What Type does Ms. Howard have?

Alabama Shakes frontwoman Brittany Howard is blind in one eye due to Retinoblastoma. Sadly, her sister also was affected and lost her life due to it, devastating the entire family. Ms. Howard’s cancer affected one eye and it sounds like she was able to have it treated with lasers.

What is Retinoblastoma?

This is an intraocular (inside the eyeball as opposed to on the front of the eyeball or next to the eyeball) tumor that is often not visible without a dilated eye exam. It is the most common intraocular malignancy and can affect just one or both eyes. It is most often diagnosed by three years of age but sometimes it does not appear until the child is older1. Retinoblastoma may be inherited or it can result from a denovo (new DNA change within that child) mutation in which they would not have a family history of the eye cancer. If the mutation is genomic meaning it occurs in every cell of that individual’s body, both eyes are more likely to be affected, there is an increased risk of getting other cancers and there is an increased mortality rate. If the mutation is somatic meaning, it just occurred in 1 retinal cell, the disease is more likely to affect 1 eye2.
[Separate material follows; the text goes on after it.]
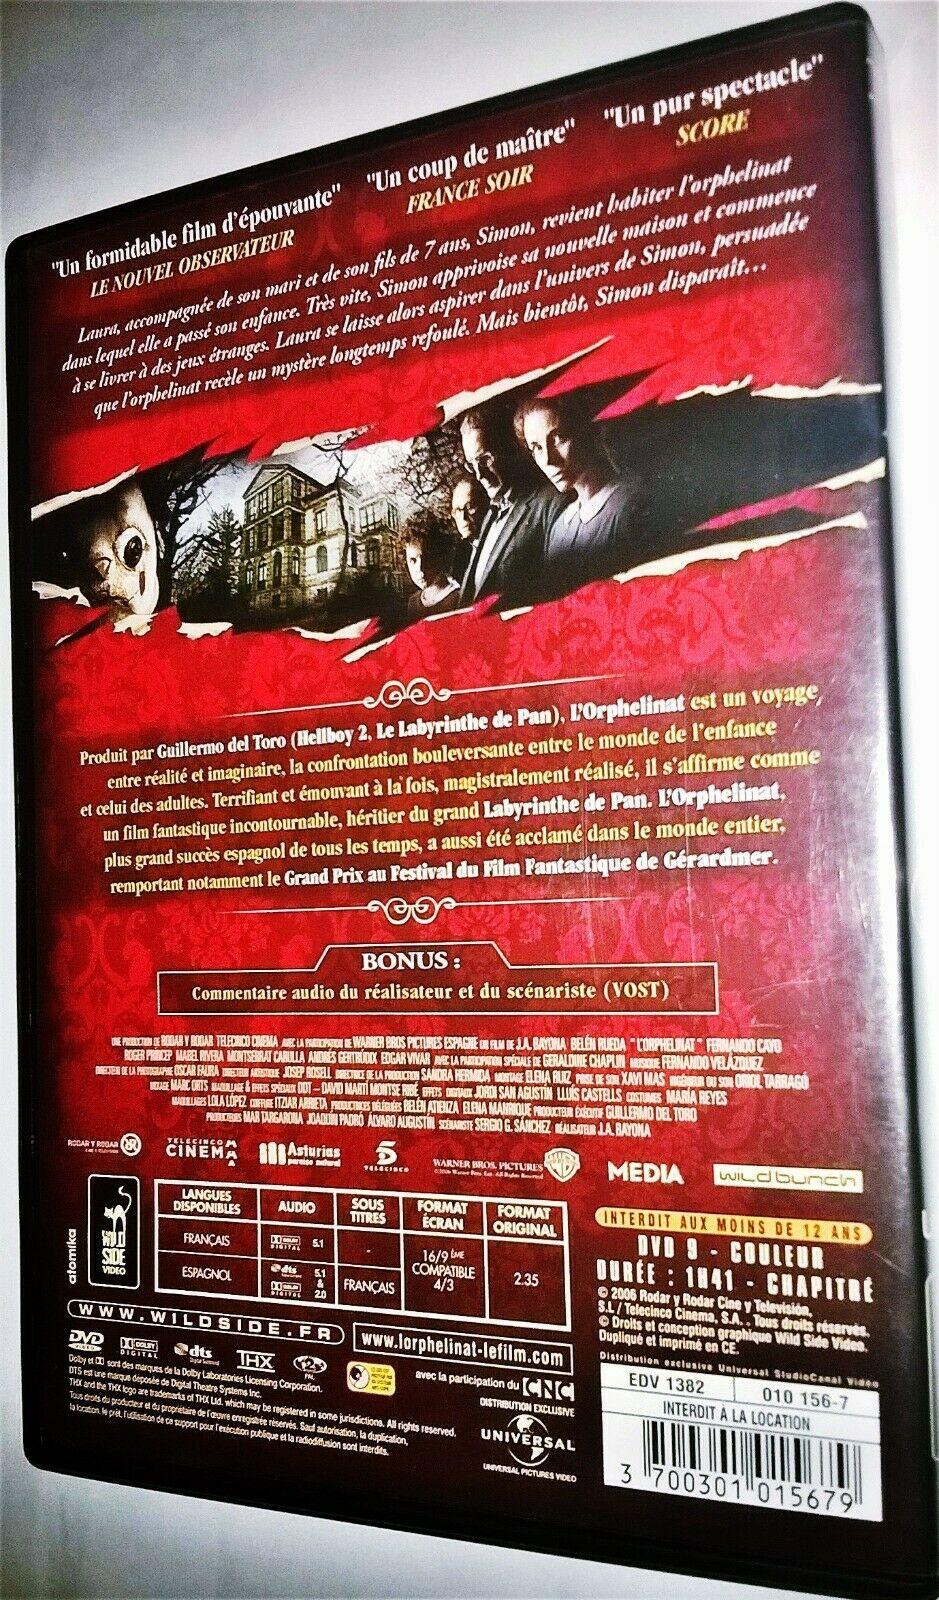 [DON/ECH] Le gros foutoir DVD [MAJ 16/09] - Page 5 S-l16022

Your pediatrician will screen your child for this in-office but often small tumors will be missed on an undilated child which is why a dilated comprehensive eye exam is recommended. The worst outcome of Retinoblastoma is death with greatest predictors of death being how much of the eye is involved if the optic nerve is involved and if cancer has gotten through the sclera (white part)2. Other complications that can arise from Retinoblastoma include glaucoma, intraocular inflammation, and retinal detachments. Treatment includes radiation, chemotherapy, and/or surgery where the eye is removed or cryotherapy2.

Can I tell if my child has Retinoblastoma?

Not always, and often the signs won’t be apparent until the tumor is very large. Some associated signs are one white pupil or white reflex or an eye turn. However, keep in mind that there are many other less ominous causes of an eye turn.

I want to draw everyone’s attention to the InfantSEE program. This is a public service program put on by the AOA but not all practices participate. Salisbury Eyecare and Eyewear (SEE) is a participant and sees children under the age of 1 at no charge for a full dilated exam. Here at SEE, we agree with the AOA that full comprehensive exams should begin by 1 year old or sooner if you suspect problems or have a family history of eye disease. If you have questions about your infant’s eyes do not hesitate to contact us.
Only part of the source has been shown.